Installé sur un petit bureau de fortune, Nicolas Labatut est seul dans l’immense espace intérieur de l’église Saint-Nicaise, à Rouen. Équipé d’une paire de micros, d’un ordi, d’un casque et de claviers, il vient de terminer le clonage numérique de l’orgue de chœur de l’édifice. L’imposant instrument – un Louis-Eugène Rochesson – sera bientôt démonté pour vivre une nouvelle vie, ailleurs. L’église Saint-Nicaise se transformera en effet prochainement en brasserie, le fabricant de bières Ragnar ayant remporté l’appel à projet concernant le nouvel usage du lieu désacralisé. Pour l’heure, l’instrument d’antan est encore installé sur son soufflet électropneumatique et ses bobines d’avant-guerre. Récemment accordé par François Ménissier, organiste à la renommée internationale, il libère des notes à l’impressionnant écho.

C’est pour en garder une trace que le Rouennais a pris l’initiative de la sauvegarde, en accord avec l’association "La boise Saint-Nicaise" et le nouveau propriétaire des lieux. "L’orgue est composé de deux claviers de 56 touches. Il m’a fallu des heures pour tout installer et enregistrer les notes une à une. Le moindre bruit de mobylette ou d’hélicoptère et il fallait recommencer", témoigne Nicolas Labatut. Le résultat, c’est ce clonage numérique, conforme à l’original par définition. Les touches du synthé restituent le son de l’orgue à la perfection. Peut-être même que l’espace muséal de la future brasserie proposera un clavier pour rejouer la musique du lieu, c’est dans l’air en tout cas. Il s’agit aussi de garder le son comme un précieux trésor : "J’adorerais faire une cartographie rouennaise du patrimoine acoustique, confirme Nicolas. Une sauvegarde comme celle-là existe pour les langues par exemple. Il existe bien sûr des enregistrements de concerts dans des églises, mais à ma connaissance, personne ne clone les sons et les ambiances". Car celui qui conseille et vend des instruments dans le civil ne s’est pas contenté de sauvegarder les notes, il a aussi capté l’écho. En rejouant l’orgue numérique, un outil permet de jouer avec cet écho.

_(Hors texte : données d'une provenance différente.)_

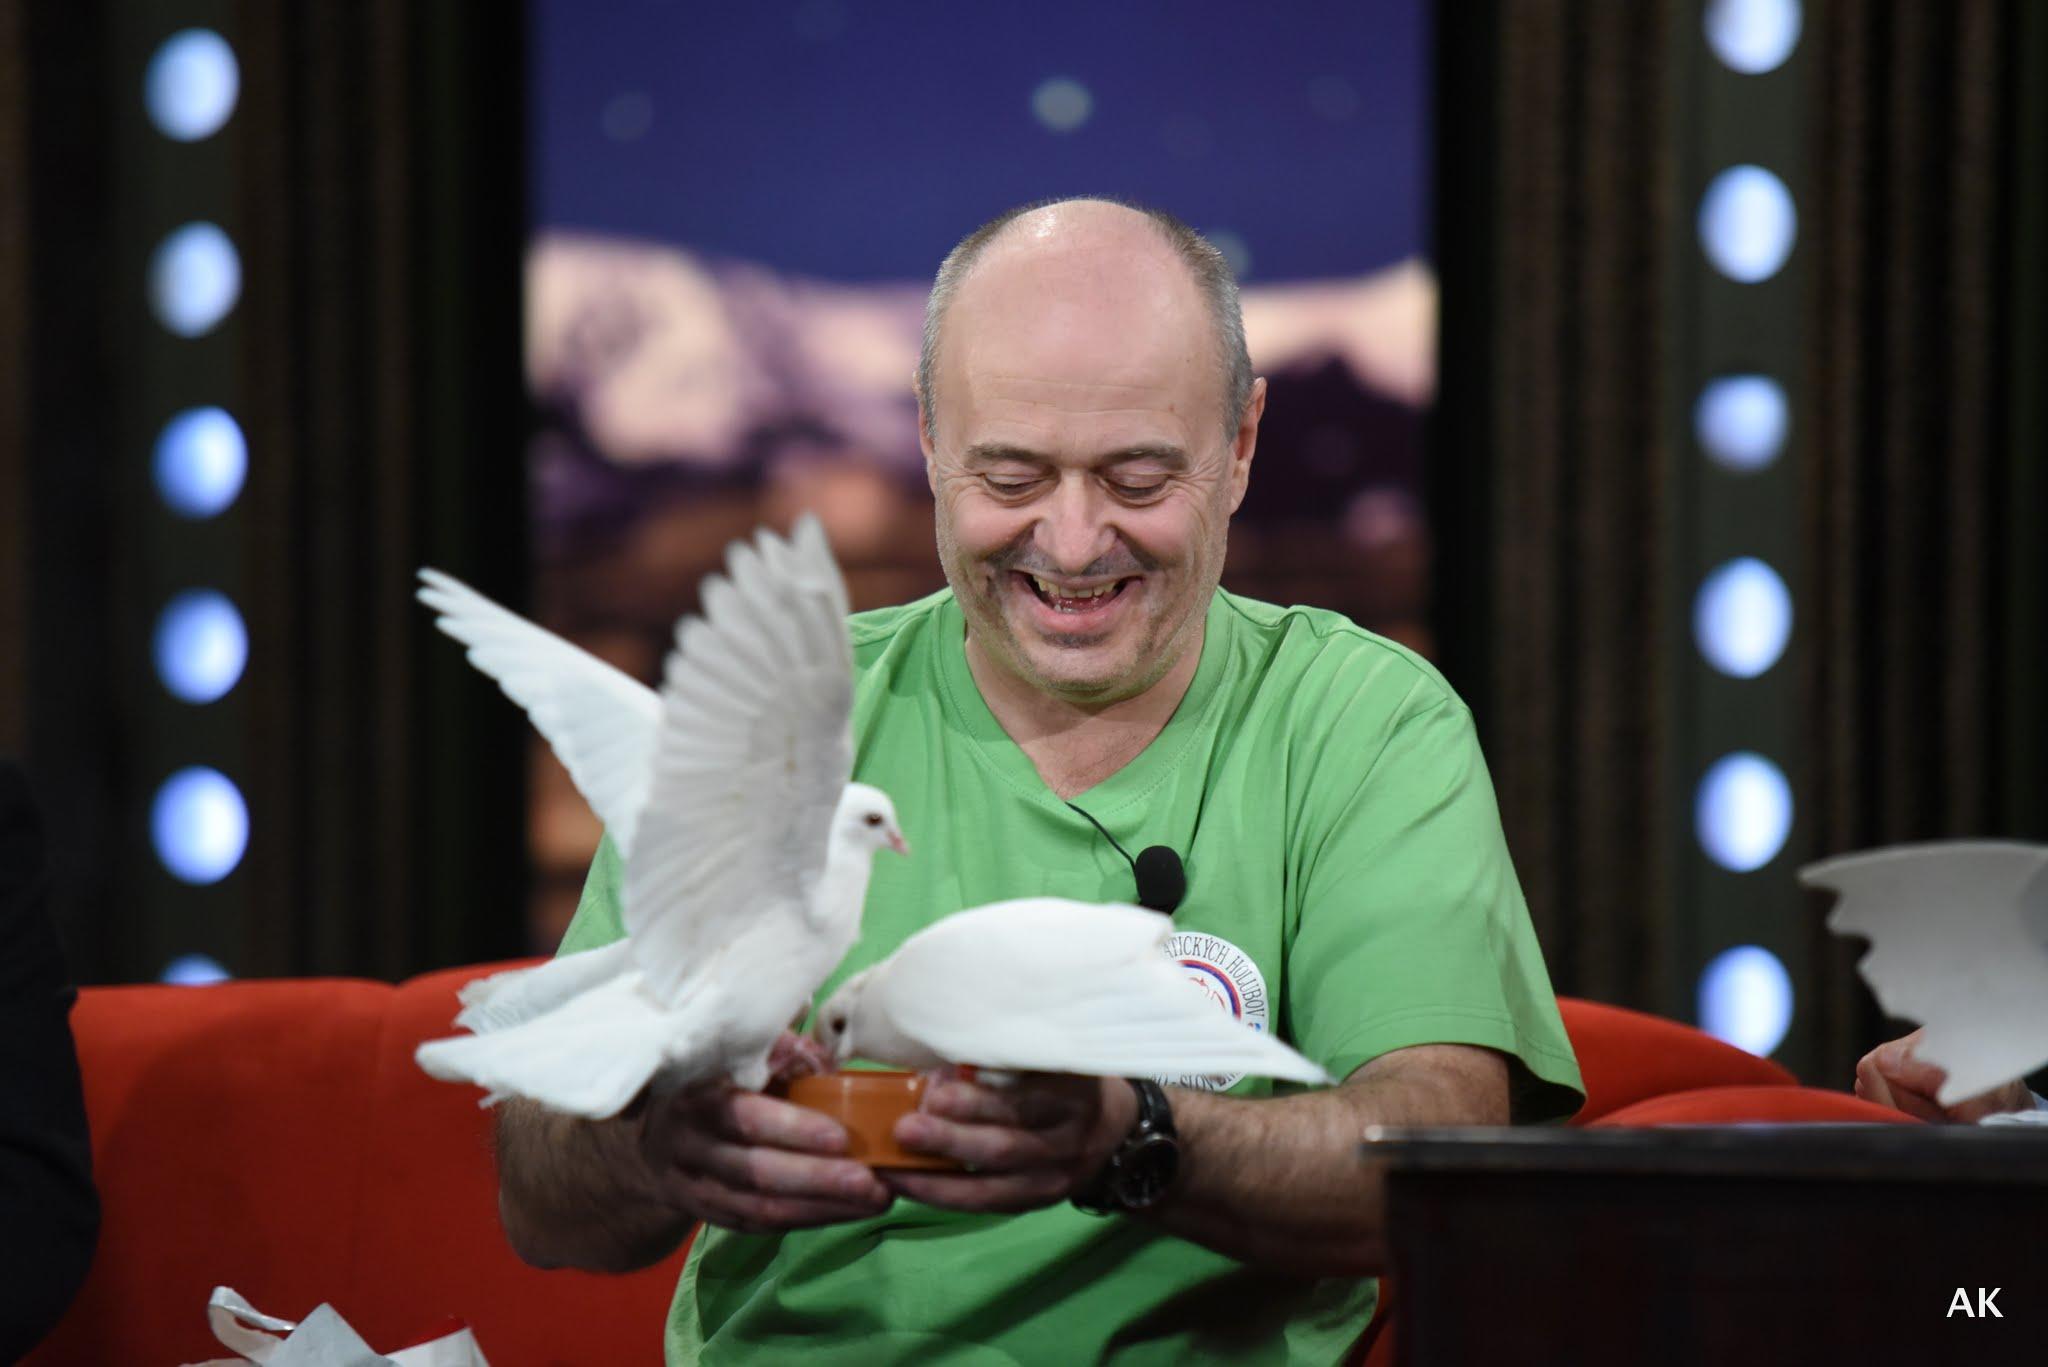 Chovatel holubů Josef Voráček v SJK 13. 4. 2016
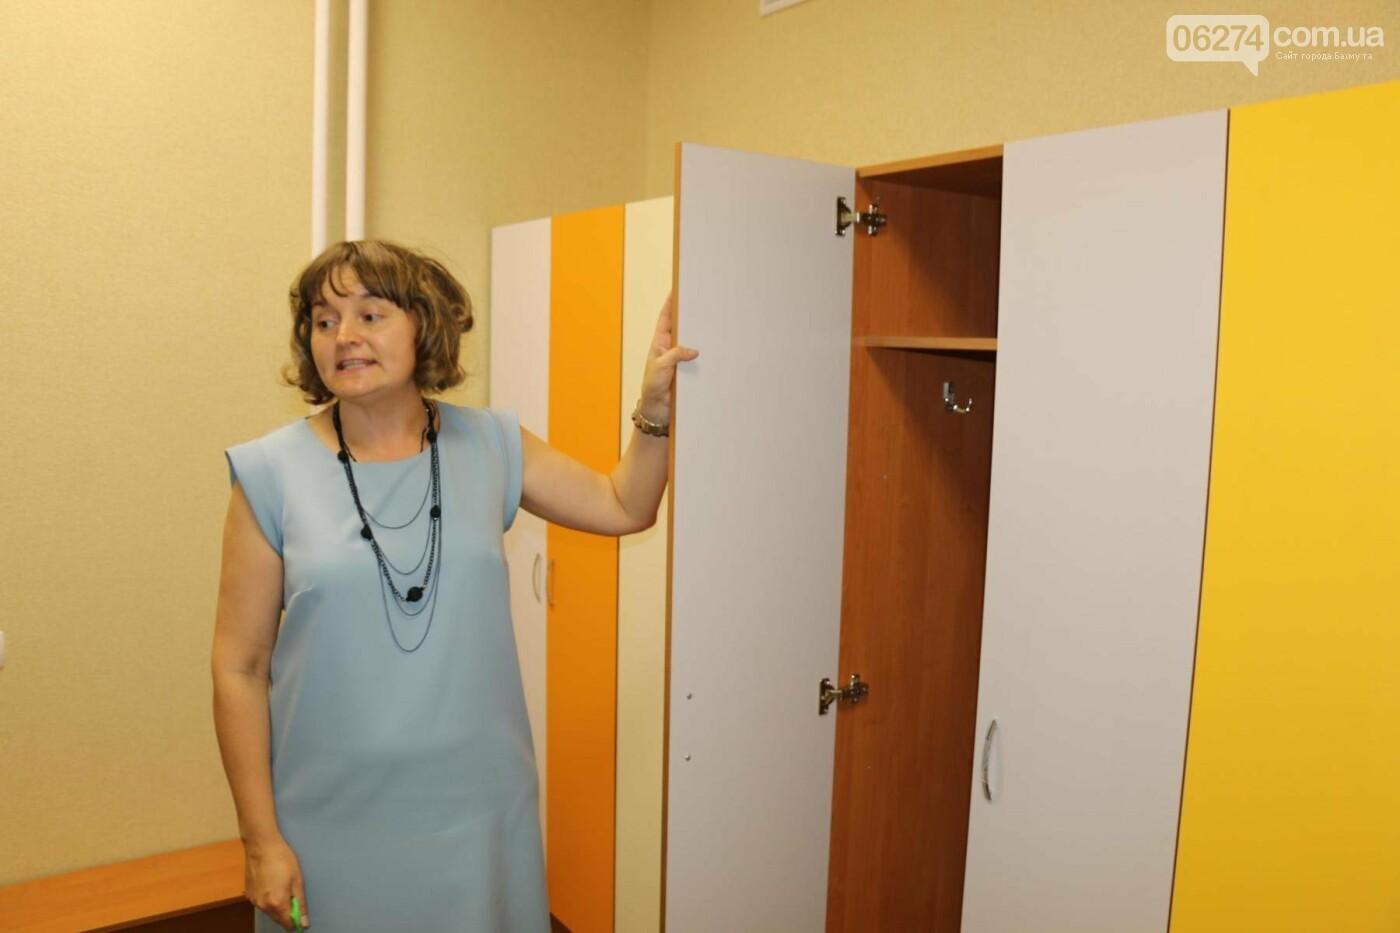 В Бахмуте открыт Инклюзивно-ресурсный центр для детей с особыми потребностями, фото-12

Du bruit sec au rendu exact de l’église.

Lors de la dernière soirée estivale du bar Ragnar, fin septembre, les clients ont eu la surprise d’entendre les cloches de Saint-Nicaise, pourtant muettes depuis des années. L’explication ? "Une personne est venue me trouver avec une cassette audio. En lisant la jaquette et en écoutant la bande son, je me suis aperçu qu’il y avait un enregistrement d’une volée de cloches de Saint-Nicaise, captée en 1986", dévoile le passionné. La diffusion à la tombée de la nuit relève du petit exploit technique, mais la bande nettoyée fait son effet : des clients filment même le clocher avec leur téléphone portable, pensant qu’il s’agissait des cloches elles-mêmes !

Nicolas Labatut aimerait poursuivre cette activité hors du commun à Rouen, "en sauvegardant l’acoustique et la réverbération de l’église Saint-Paul avant qu’elle ne change de destination elle aussi, mais également de lieux plus contemporains, comme le centre commercial des Docks 76 en pleine nuit par exemple". L’idée serait de marquer une époque et ses sons, pour les réécouter même dans un siècle ou deux. Le chantier semble infini.

Comme l’écho de l’église Saint-Nicaise.